Life: The Critic's Role

“Whatever the subject, a real critic is a cultural critic, always: if your judgment doesn’t bring in more of the world than it shuts out, you shouldn’t start.”

—Clive James, “Hollywood: A Love Story

The world is getting better, In the Plex edition

From Steven Levy’s In the Plex; How Google Thinks, Works, and Shapes our Lives, an astonishingly good and detailed book that, as of page 146, doesn’t feel padded:

[. . .] the founders themselves embraced ‘Don’t be evil’ as a summation of their own hopes for the company. That was what Google was about: two young men who wanted to do good, gravitated to a new phenomenon (the Internet) that promised to be a history-making force for good, developed a solution that would gather the world’s information, level the Tower of Babel, and link millions of processors into a global prosthesis for knowledge. And if the technology they created would make the world a better place, so would their company; Google would be a shining beacon for the way corporations should operate: an employee-centric, data-driven leadership pampering a stunningly bright workforce that, for its own part, lavished all its wit and wizardry on empowering users and enriching advertising customers. From those practices, the profits would roll in. Ill intentions, flimflammery, and greed had no role in the process. If temptation sounded its siren call, one could remain on the straight path by invoking Amit Patel’s florid calligraphy on the whiteboards of the Googleplex: ‘Don’t be evil.’ Page and Brin were good, and so must be the entity they founded.
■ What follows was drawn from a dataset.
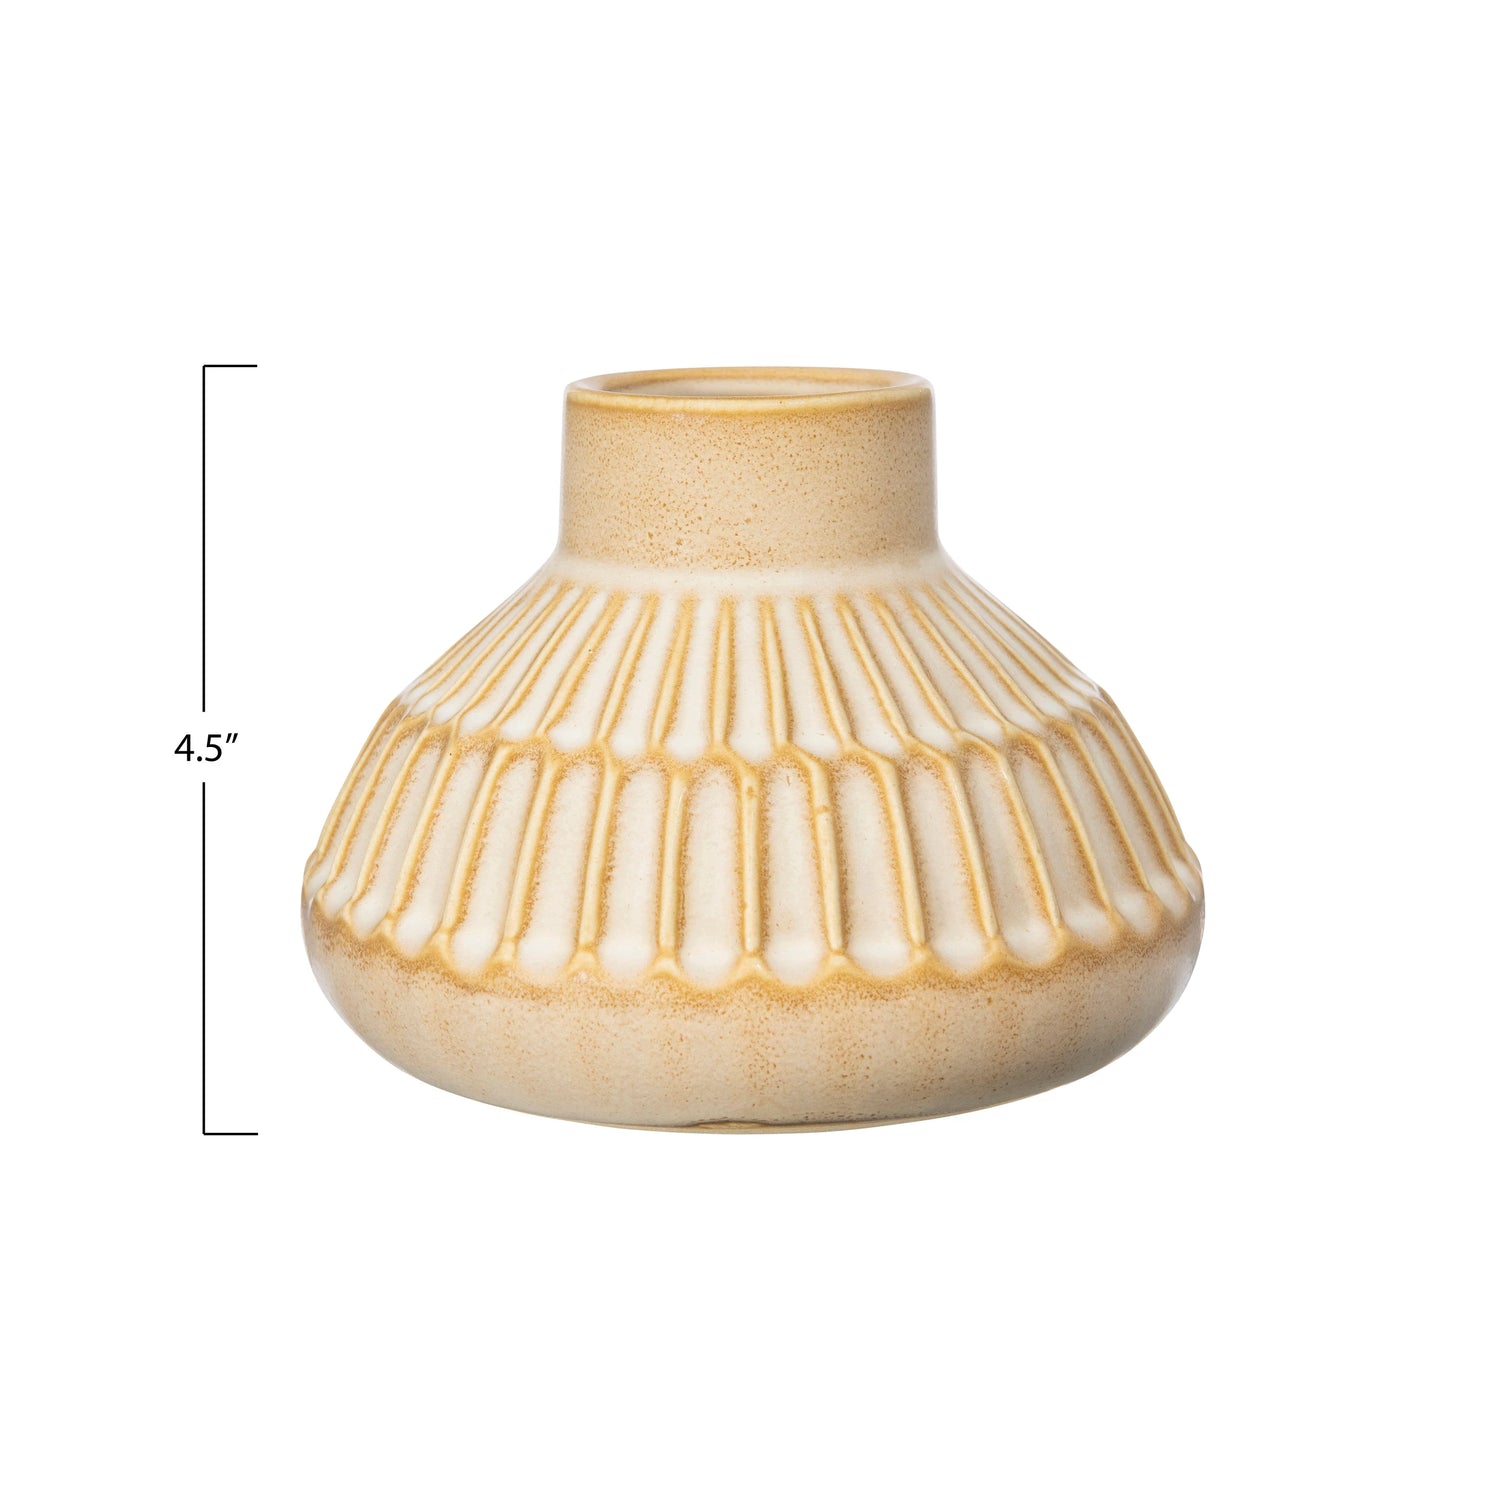 Stoneware Vase with Vertical Stripes

Ambition linked to knowledge of how to execute is evident throughout the book, but especially here, given that the company’s major players aren’t just content with being big—they want to be big and be good, with a presumably evolving definition of what “good” means. This is a bit like the United States itself, which isn’t collectively content to merely be—there’s a very long cultural strain of being an icon or role model. Such a desire often leads the country to unfortunate lurches that mostly seem to be corrected as time goes on.

Reading the news on a day-to-day basis often gives one a sense of doom and disaster. Reading a book like In the Plex reminds one that the world is going places even if politicians and the politics they make don’t realize it. The world is big and strange, and it’s getting more so over time—if one takes the time to realize it. Google may or may not “be a shining beacon,” but its goals are hard not to admire, even if they’re cloaked i religious language (“the straight path”). I use Google most days without thinking about all the thought behind the company, which is busy making the world a different place very fast.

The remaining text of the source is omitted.